Едва ли Адам и Ева, отведав злополучного яблока, расстроились сильнее, чем я.

Из меня словно выкачали воздух, словно обухом по голове огрели; я был обманут в лучших ожиданиях и надеждах, все мысли перепутались, и, когда я наконец пришел в себя, это было как пробуждение после тяжелого сна.

Они были влюблены! Мариан и Тед Берджес были влюблены! Из всех возможных объяснений именно это никогда не приходило мне в голову. Какое разочарование, какое жуткое разочарование! И что же я за дурак такой!

Чтобы не упасть окончательно в собственных глазах, я позволил себе неискренне хмыкнуть. Только подумать, попался, как последний простофиля! Мир высоких чувств рухнул, и душа мгновенно освободилась от оков, враз исчезла и огромная физическая тяжесть, давившая на меня все эти дни; казалось, я вот-вот взлечу в воздух. У меня было одно оправдание — ждать такого от Мариан я никак не мог. Мариан, столько сделавшая для меня, такая чуткая и понимающая, Дева из созвездия Зодиака — как она могла пасть так низко? Втюриться, втрескаться — по такому поводу мы в школе не просто хихикали в кулак, мы презирали это больше всего на свете. Мысли мои метались, сменяя одна другую: служанки, глупые влюбленные служанки, выходившие к молитве с заплаканными глазами; открытки, размалеванные, смешные, вульгарные открытки, выставленные напоказ в любом магазине — я и сам посылал такие, пока не разобрался, что к чему.

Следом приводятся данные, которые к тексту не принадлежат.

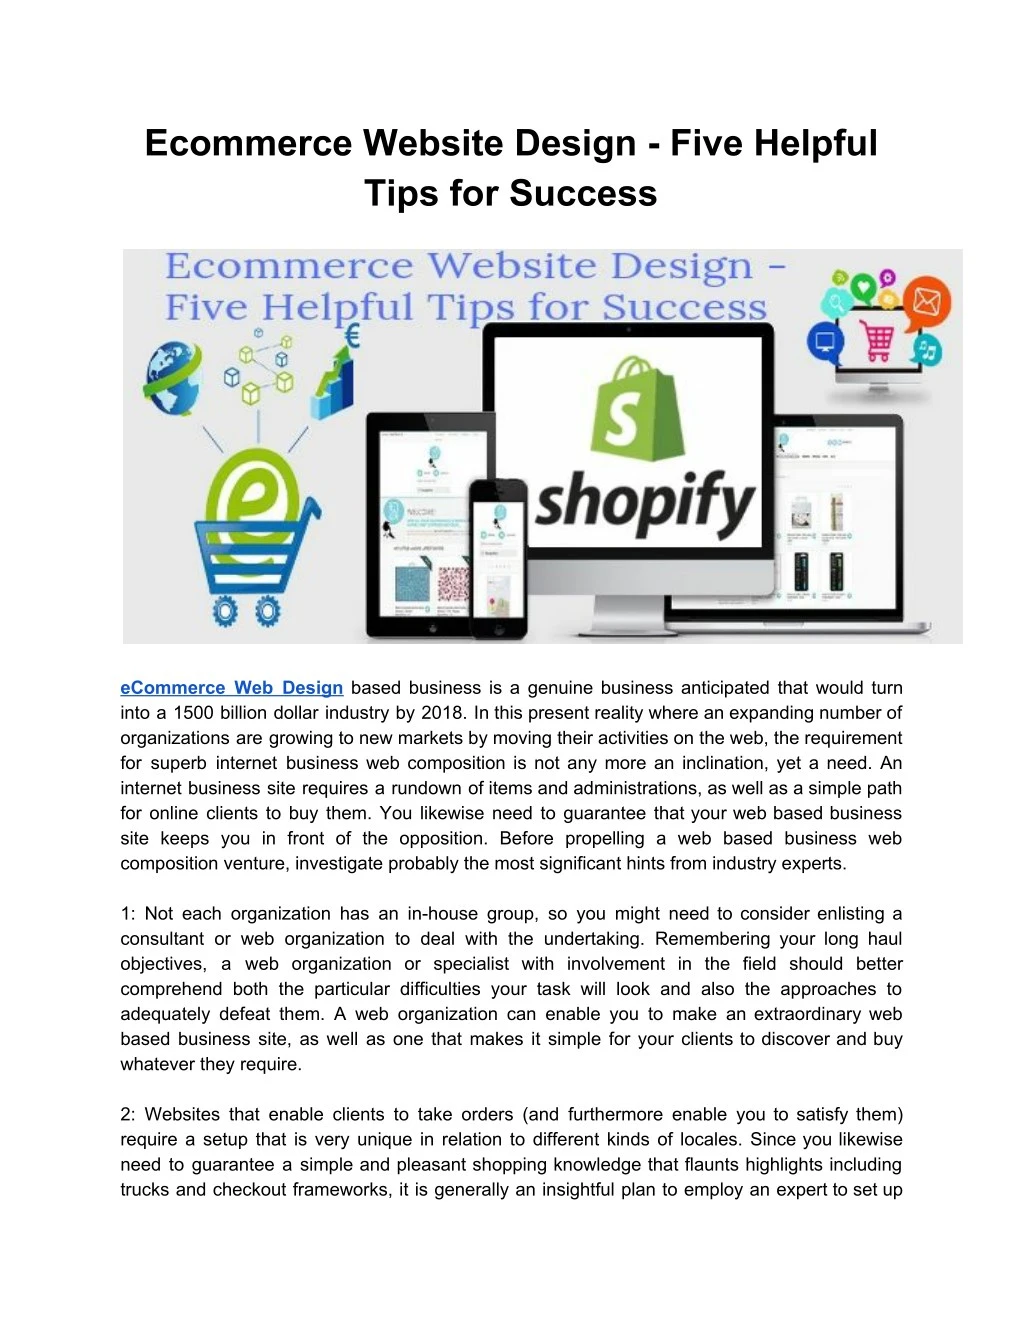 ecommerce website design five helpful tips

«Мы прекрасно проводим время в Саутдауне» — любовная парочка, два жирных голубка. «Поедем в Саутдаун, помилуемся от души», ничего не скажешь, милашки. У одного голубка не лицо, а блин, у другого — кожа да кости. И с вожделением глядят друг на друга.

И всегда или почти всегда кто-то из двух толстый, кто-то тонкий: либо мужчина, либо женщина чудовищно больших или малых размеров; мужчина или женщина, мужчина или женщина...

Я стал хохотать, даже захотелось, чтобы рядом оказался Маркус, вдвоем посмеялись бы вволю, и в то же время мне было тошно: я смутно сознавал, что смех — вещь хорошая, но ведь кумира им не заменишь. Почему именно Мариан, неужели мало других людей на свете? Не удивительно, что она хотела держать это в секрете. Машинально, чтобы никто не видел ее позора, я сунул письмо глубже в конверт и запечатал его.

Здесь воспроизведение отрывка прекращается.